▶ _Data_:
============

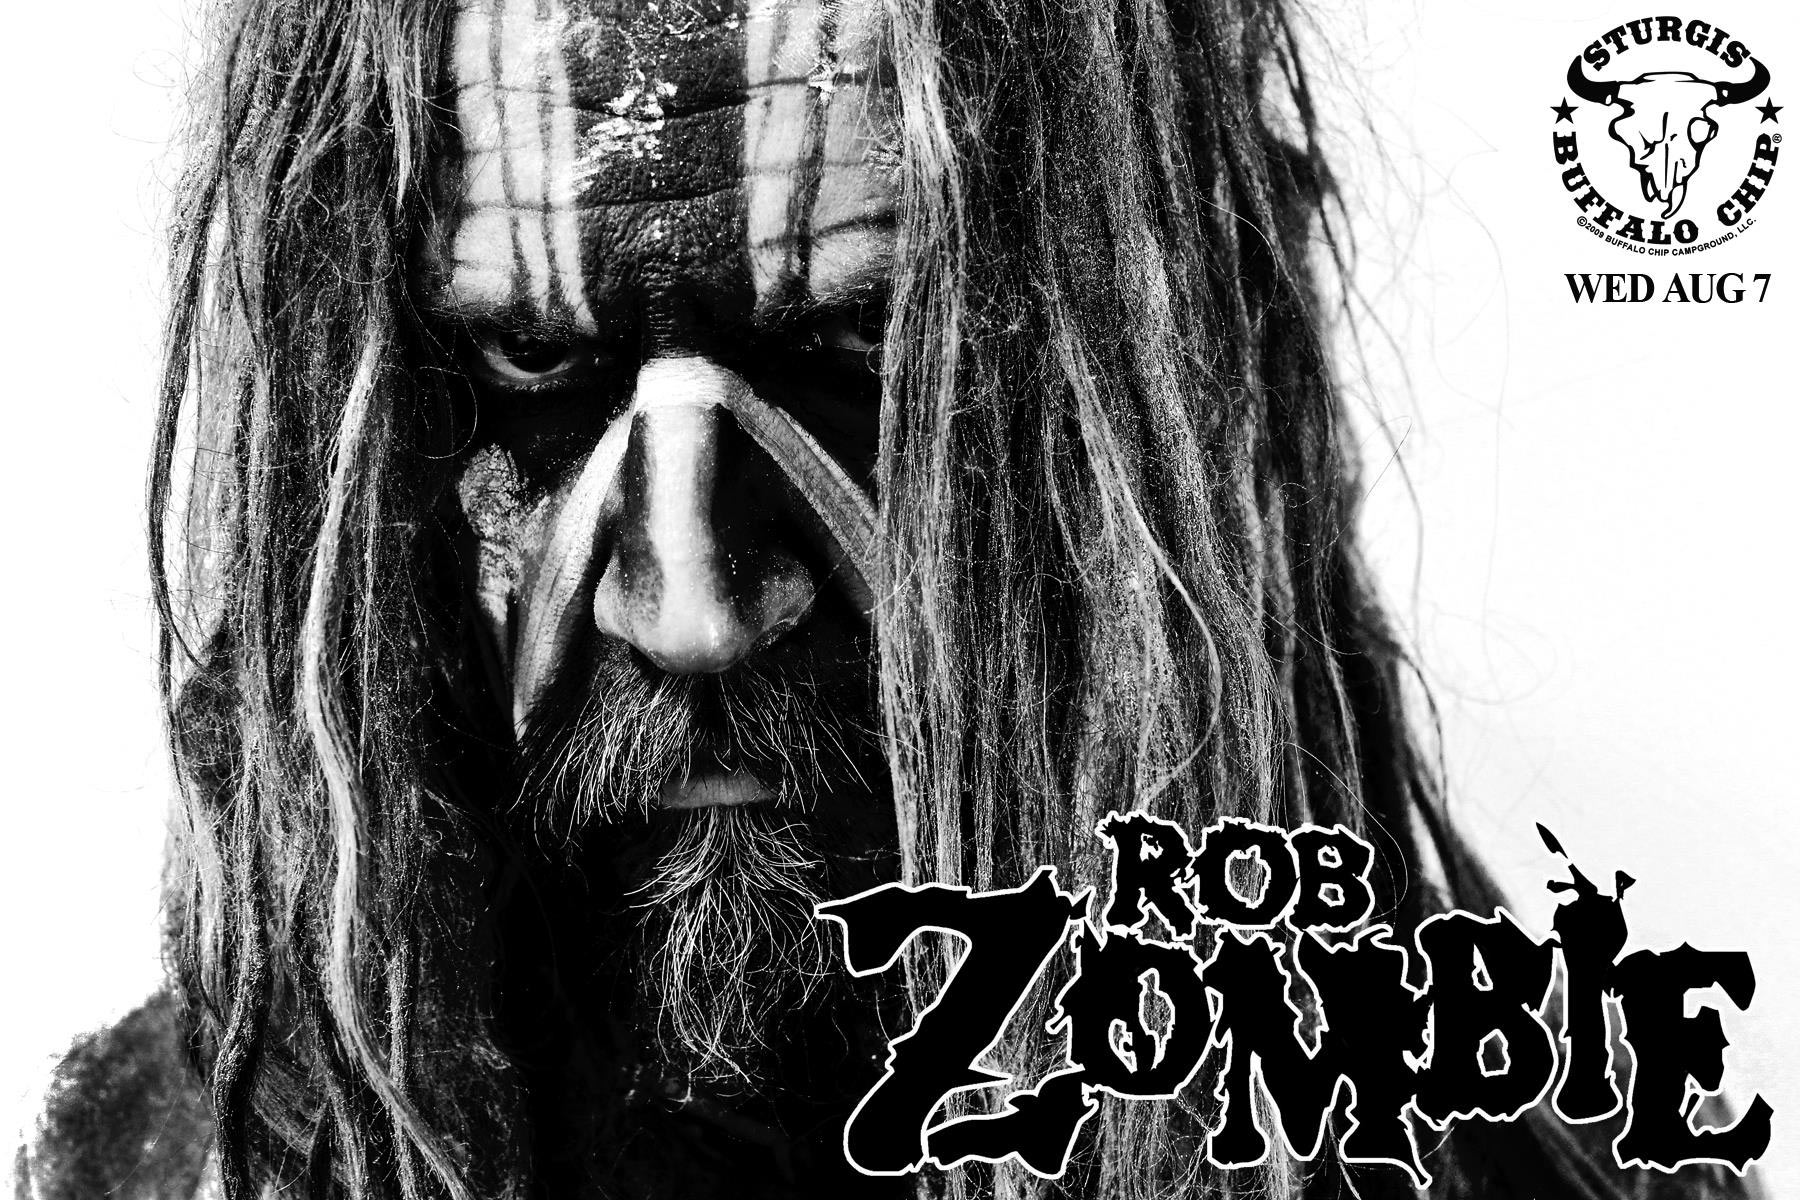 Rob Zombie Art Wallpapers
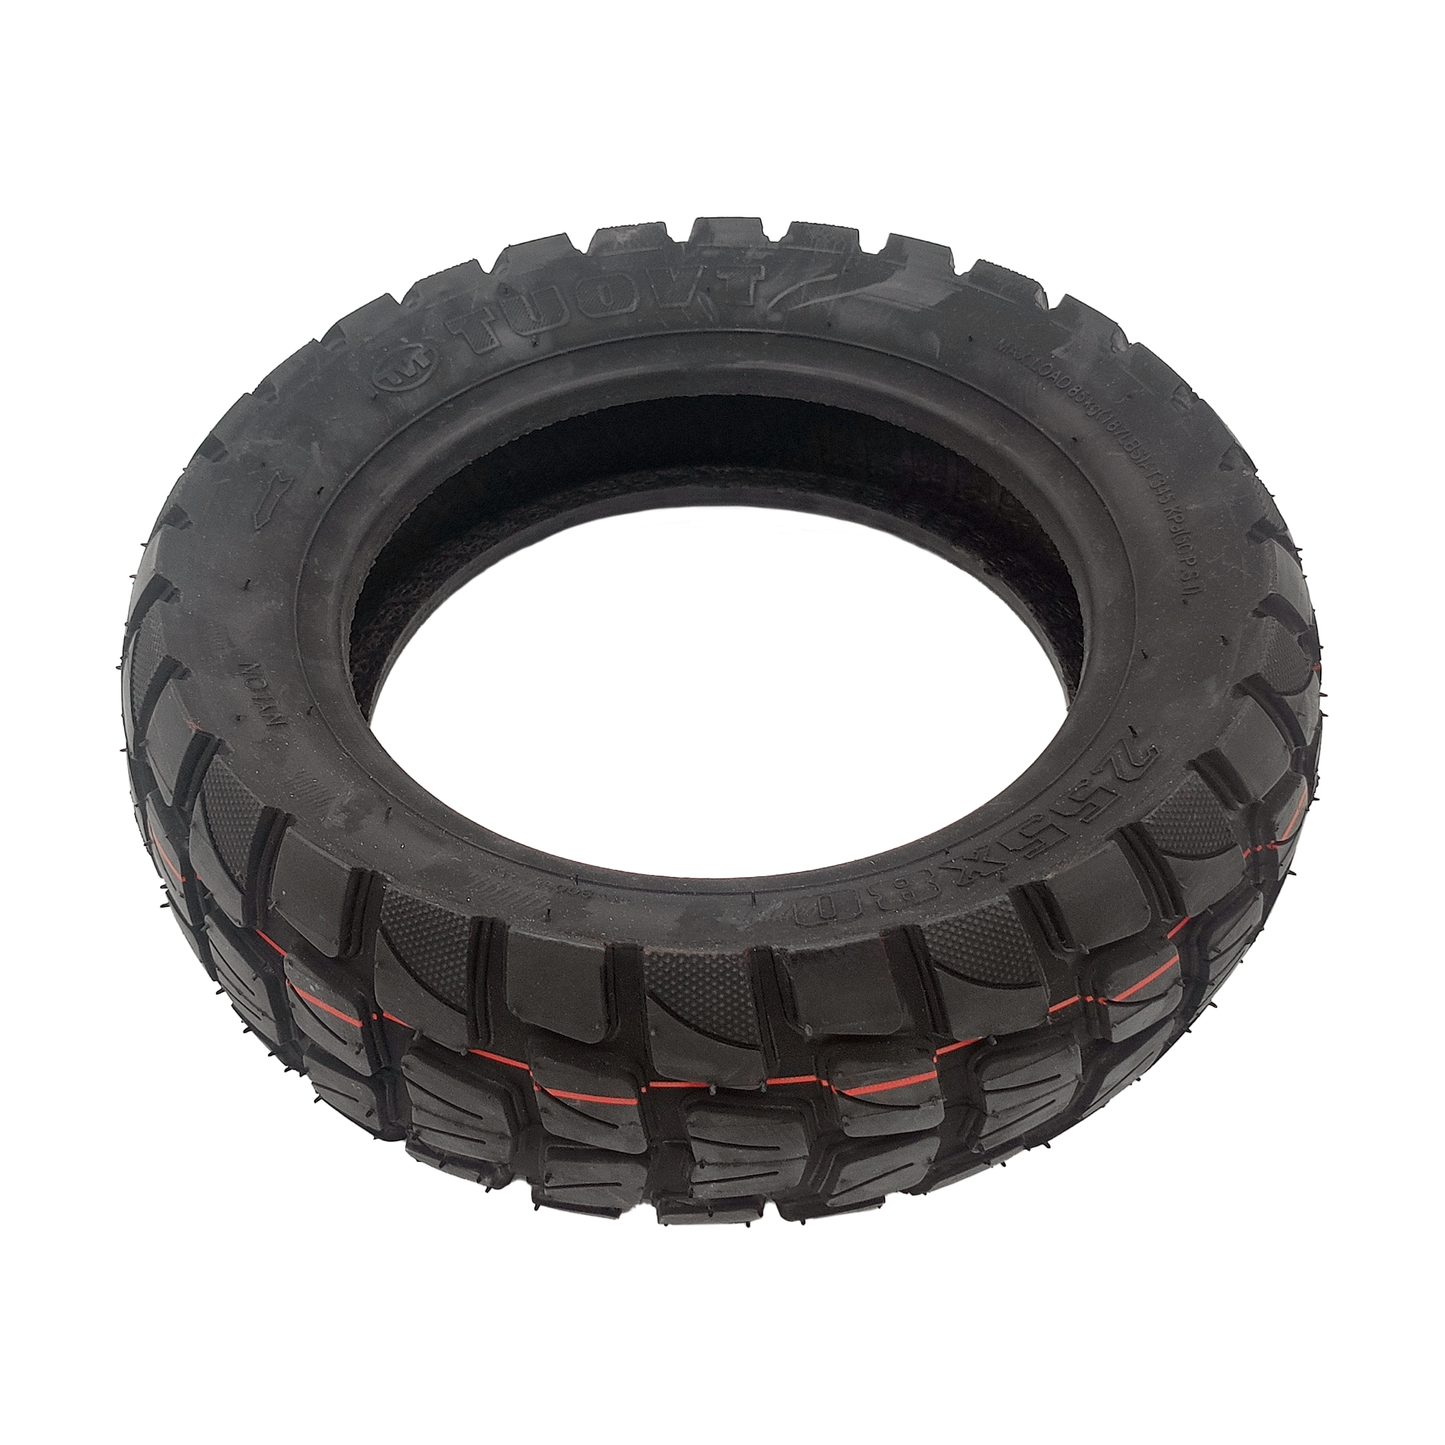 255x80 tire offroad with tube set 10x2.125 90° valve set
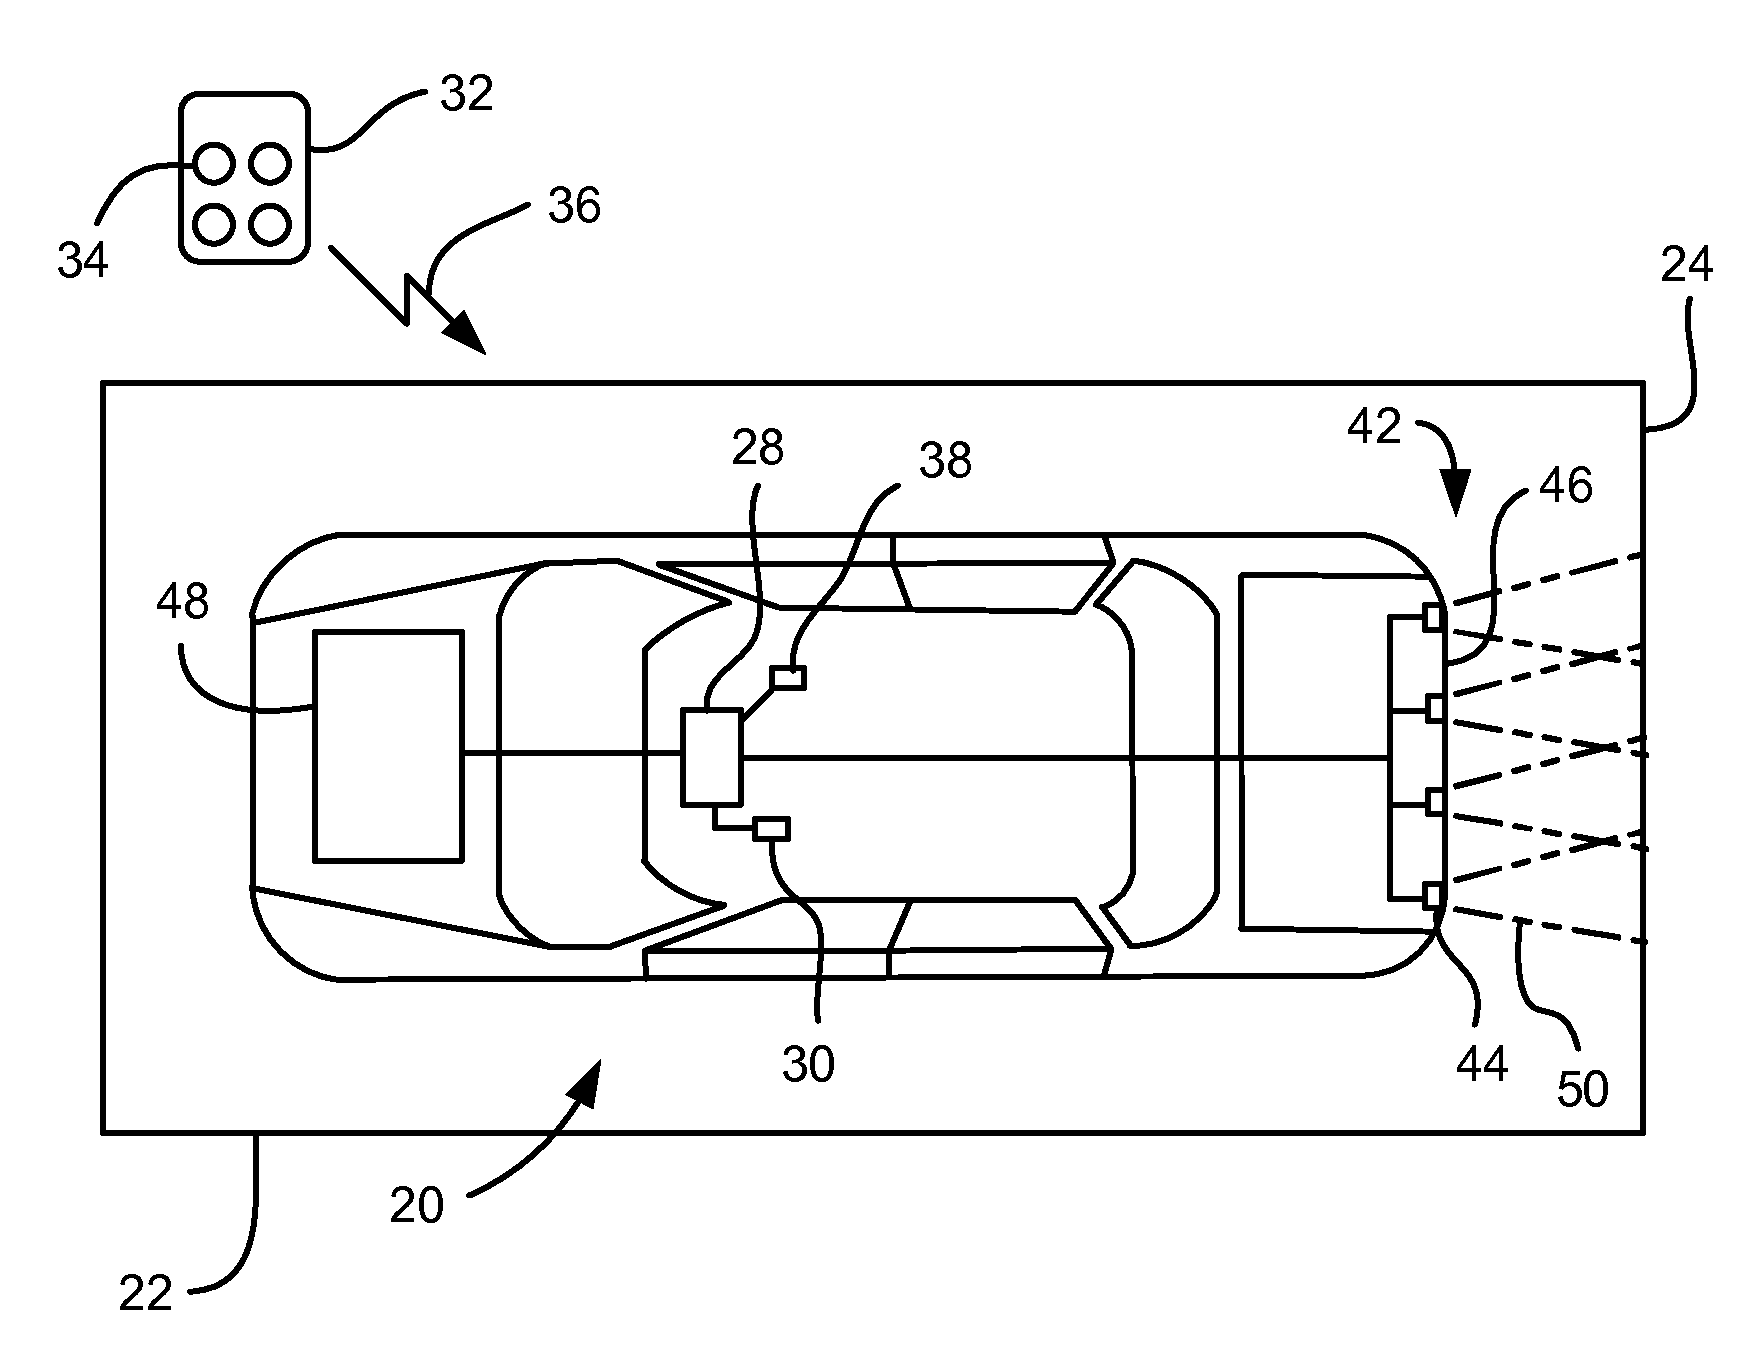 Vehicle Having Remote Start and Enclosed Space Detection

============

Could you return the whole listing exactly, images excluded?

▶ _Answer area_:
 Rob Zombie Art Wallpapers
 255x80 tire offroad with tube set 10x2.125 90° valve set
 Vehicle Having Remote Start and Enclosed Space Detection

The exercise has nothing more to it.